А что, если бы Роджер Кейсмент не познакомился с Кротти? Да, вероятно, тогда бы он не пережил этой ужасной зимы 1915-16 года, когда всю Германию, а Берлин — особенно, заметали снежные бури, делая дороги и улицы непроезжими, когда шквалистые ветры ломали деревья, разбивали окна, срывали навесы, когда в двадцатиградусные морозы приходилось из-за вызванных войной ограничений сидеть в нетопленой и темной квартире.
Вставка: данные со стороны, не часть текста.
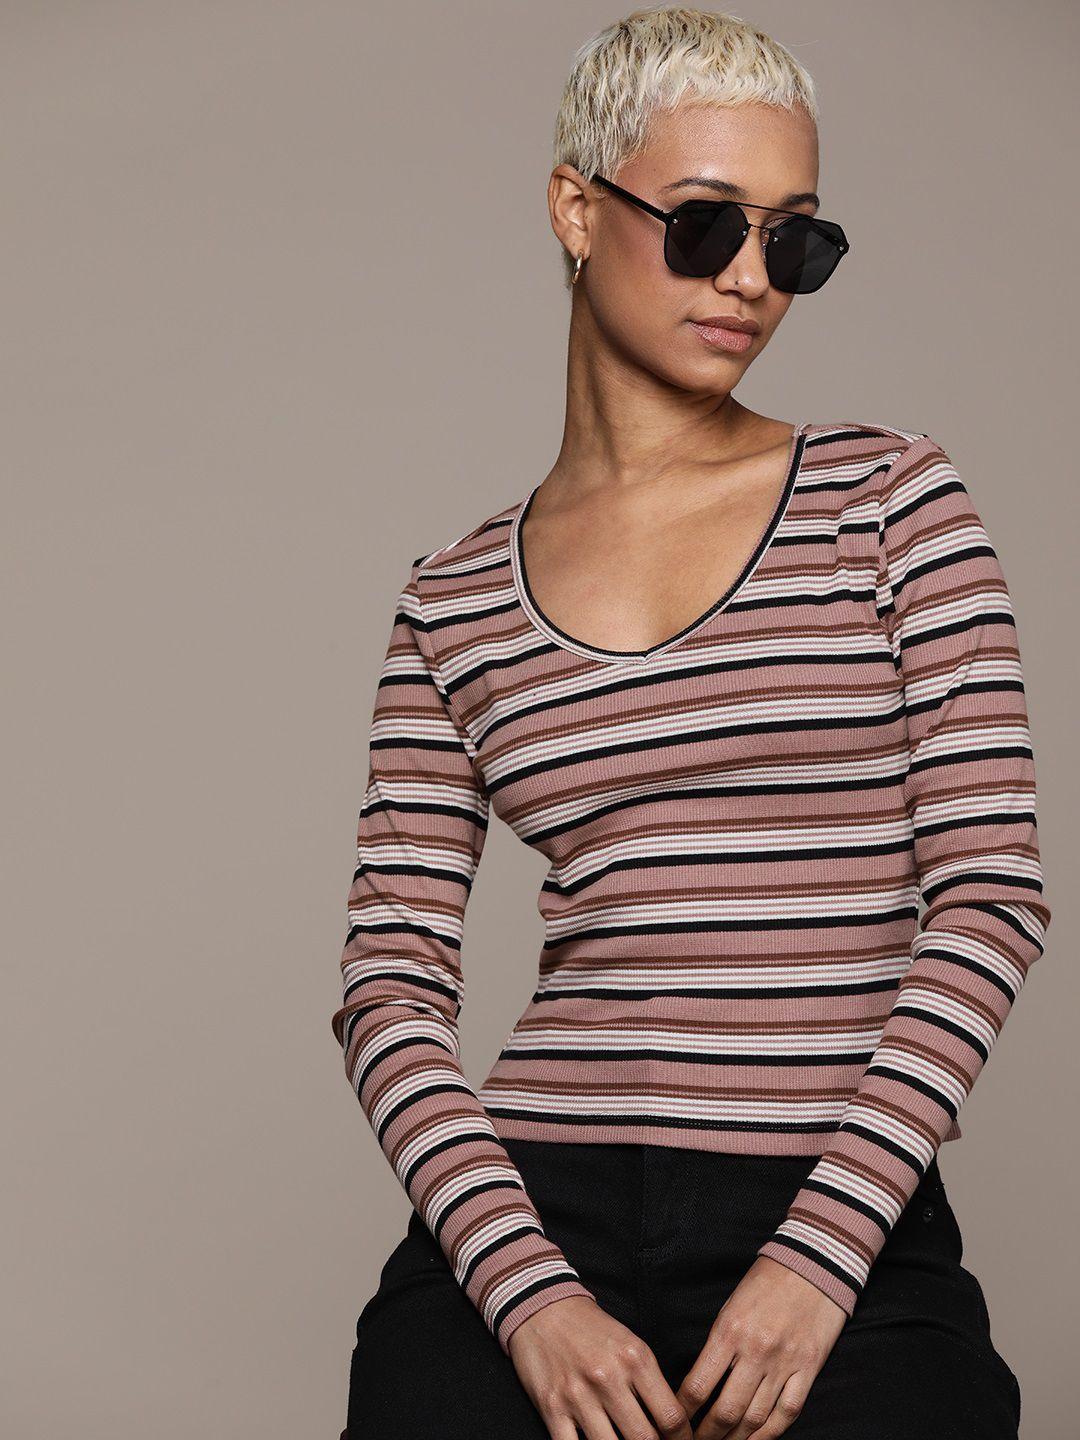 the-roadster-lifestyle-co.-horizontal-striped-v-neck-fitted-top

Когда с новым ожесточением набросились на Роджера прежние недуги — возобновились мигрени и такая ломота в костях, что он подолгу сидел скорчившись и не в силах подняться, и часто казалось, что именно здесь, в Германии, ему и откажут ноги. Снова стали мучить кровотечения, и посещение уборной сделалось истинной пыткой. Он чувствовал такое изнеможение и слабость, словно разом, вдруг, постарел на двадцать лет.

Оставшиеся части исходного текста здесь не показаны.